「片付け」というと気が重くなる人も多いのでは? じつはそれ、「捨てなくては」という思い込みのせいかもしれません。整理収納アドバイザー2級の資格をもつESSEonlineライター、小林ユリさんも片付けへの苦手意識があったそう。しかし、「ものを捨てずに整理する工夫をしたことで、無理なく家が整った」といいます。詳しく教えてもらいました。

「片付け=捨てる」がストレスだった

もともと私は片付けが苦手。「捨てなきゃ」と思えば思うほど、重荷になって手が止まってしまうタイプです。

【実際の写真】筆者の「どうしても捨てられないもの」

思い出があるものや、まだ使えそうなものなど、「もったいない」と感じるものを手放すのが苦手で、判断に疲れてしまうことも。

そこで「無理に捨てなくてもいい」と考え方を変えてみました。私にとって片付けの目的は「ものを減らすこと」ではなく「使いやすい状態にすること」だったからです。

捨てることがストレスになるなら、無理に捨てる必要はないと考えました。「とりあえずもっていてOK」と思うだけで気持ちが軽くなり、片付けに取り掛かるハードルがぐっと下がりました。

「ものを減らさず家を整える」ためにやってよかったこと

「捨てなくてもいい」と決めた分、意識したのは「どう整えるか」ということ。片付けについて改めて見直してみて気づいたのは、ごちゃついていた原因は単にものの量だけではなく、「とりあえず突っ込んでいた状態」にあったのかもしれないということでした。

実際にやってみて、効果を感じたのは次の3つです。

●1:使う場所ごとにまとめる

まず意識したのは、「使う場所」と「収納場所」を一致させることでした。たとえば、リビングで使うものはリビングに、キッチンで使うものはキッチンにまとめる。これだけでも、探しものが減ってスッキリ感が出ました。

●2:定位置を決める

「ここに戻す」と決めることもルールにしました。たとえばわが家では、引き出しの中の小物類はアイテムごとに区分けをし、同じ用途のアイテムは袋や箱にひとまとめにしています。

使ったあとに迷わず戻せる仕組みづくりをしてからは、片付けが苦手な筆者でも、無理なく散らかりにくい状態をキープできています。

●3:出し入れしやすくする

また、出し入れのしやすさにも焦点を当てました。筆者の場合、ついものを出しっぱなしにしてしまっていた原因を考えてみたときに感じたのが「面倒くさいから」というのが大きかったのです。

そこで、フタつきのボックスではなく、ワンアクションで取れる収納に変更してみることに。これが性に合っていたようで、ものを出しっぱなしにするクセが少し落ち着きました。

使うか迷うものを入れる「保留ボックス」が役立った

もうひとつ取り入れてよかったのが、「保留ボックス」です。以前は片付けを早く終わらせたくて、「捨てる・捨てない」をその場で決めようとしていました。でも、そのせいで後悔することも少なくなかったのです。

そこで、「迷ったら一度保留」というルールに変更。しばらく使わなければ自然と処分できますし、そのアイテムの使い道を落ち着いて考えられるので「やっぱり取っておけばよかった」と後悔することも減り、気持ちの余裕にもつながりました。

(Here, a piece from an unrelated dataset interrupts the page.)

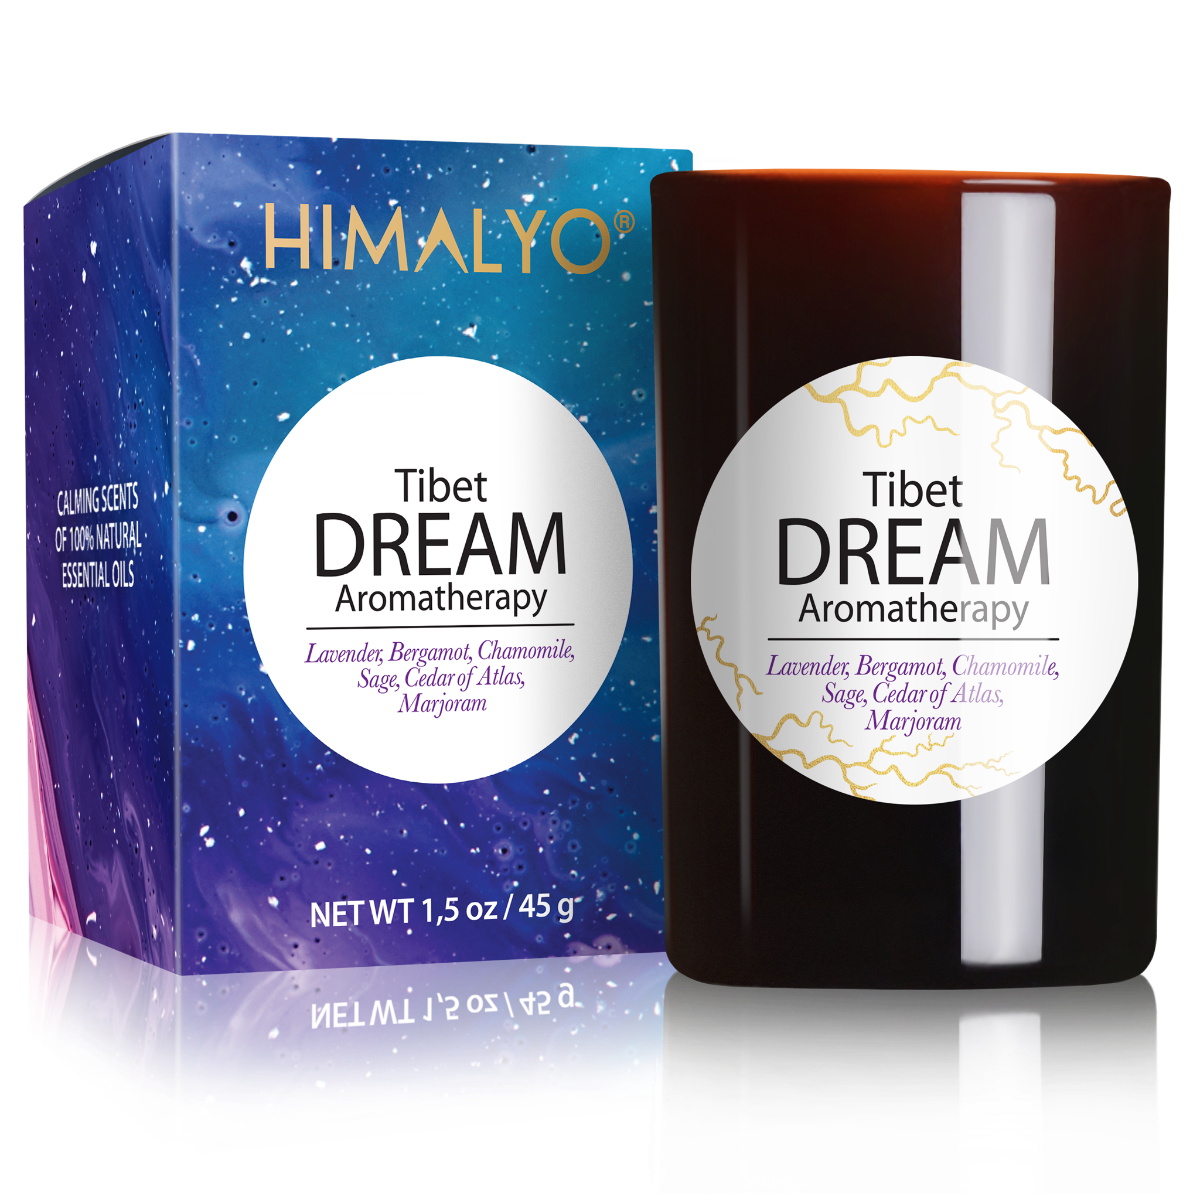 Himalyo Tibet Dream Aromatherapy Svíčka 45 g Himalyo

私にとっては、保留ボックスという“逃げ道”があることがとても大事だったように思います。

ただし、ひとつだけ気をつけているのが「上限を決めること」。なんでもかんでも入れてしまうと、結局はものを移動させただけになってしまうので、ボックスの大きさや数はあらかじめ決めています。

この方法を続けているうちに、「これはなくても困らないな」と思うものが自然と見えてくるようになりました。無理に捨てるのではなく、結果的に手放せる感覚です。

片付けは自分に合うやり方でいいと気づいてからは、自分に合ったやり方で続けることの大切さを実感しています。「捨てるのが苦手」と感じている人こそ、無理に手放すことにこだわらず、整えることから始めてみるのもひとつの方法かもしれません。